Klinkert Birgit, Schwarz Christian, Pohlmann Stephan, Pierre Yves, Girard-Bascou Jacqueline, Nickelsen Jörg
Allgemeine und Molekulare Botanik, Ruhr-Universität Bochum, Universitätsstr. 150, 44780 Bochum, Germany.
Mol Genet Genomics. 2005 Dec;274(6):637-43. doi: 10.1007/s00438-005-0056-x. Epub 2005 Oct 22.

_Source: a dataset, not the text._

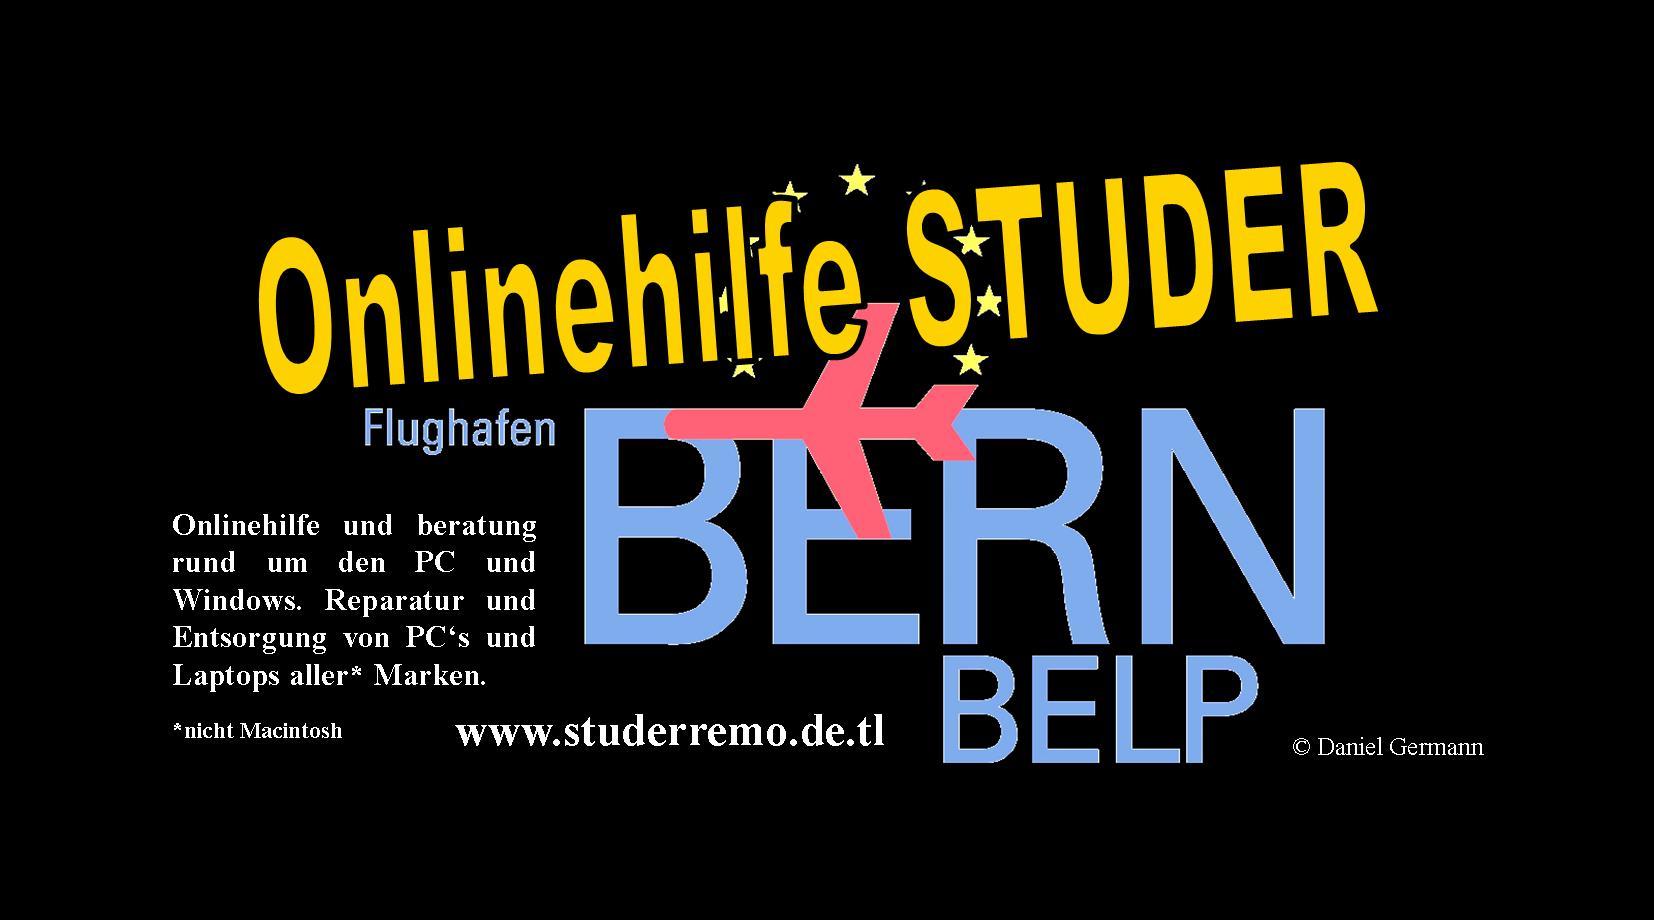 http://www.studer.de.tl/

The photosynthetic chloroplast mutant G64 of Chlamydomonas reinhardtii was shown to contain a single point mutation within the 5' region of the psbD gene encoding the D2 protein of the photosystem II reaction center. The mutation affects the sequence element TATAATAT which has previously been hypothesized to function as the psbD promoter. Run-on analysis confirmed that transcription of psbD in the mutant was reduced to approximately 10% of the wild-type level. However, psbD mRNA accumulated to approximately 35%, despite the prominent decrease in RNA synthesis. This suggests that RNA-stabilization effects can compensate to some extent for a reduction in transcriptional activity. Interestingly, a direct correlation between transcript levels and the accumulation of the psbD gene product, the D2-protein, was observed in G64. The data suggest that posttranscriptionally acting regulatory factors determine the rate-limiting steps of chloroplast psbD gene expression.

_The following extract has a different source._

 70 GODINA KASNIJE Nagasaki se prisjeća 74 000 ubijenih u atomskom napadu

莱茵衣藻的光合叶绿体突变体G64被证明在编码光系统II反应中心D2蛋白的psbD基因的5'区域内存在一个单点突变。该突变影响了序列元件TATAATAT,此前曾假设该元件作为psbD启动子发挥作用。连续分析证实,突变体中psbD的转录降至野生型水平的约10%。然而,尽管RNA合成显著减少,psbD mRNA仍积累至约35%。这表明RNA稳定效应可以在一定程度上补偿转录活性的降低。有趣的是,在G64中观察到转录本水平与psbD基因产物D2蛋白的积累之间存在直接相关性。数据表明,转录后起作用的调节因子决定了叶绿体psbD基因表达的限速步骤。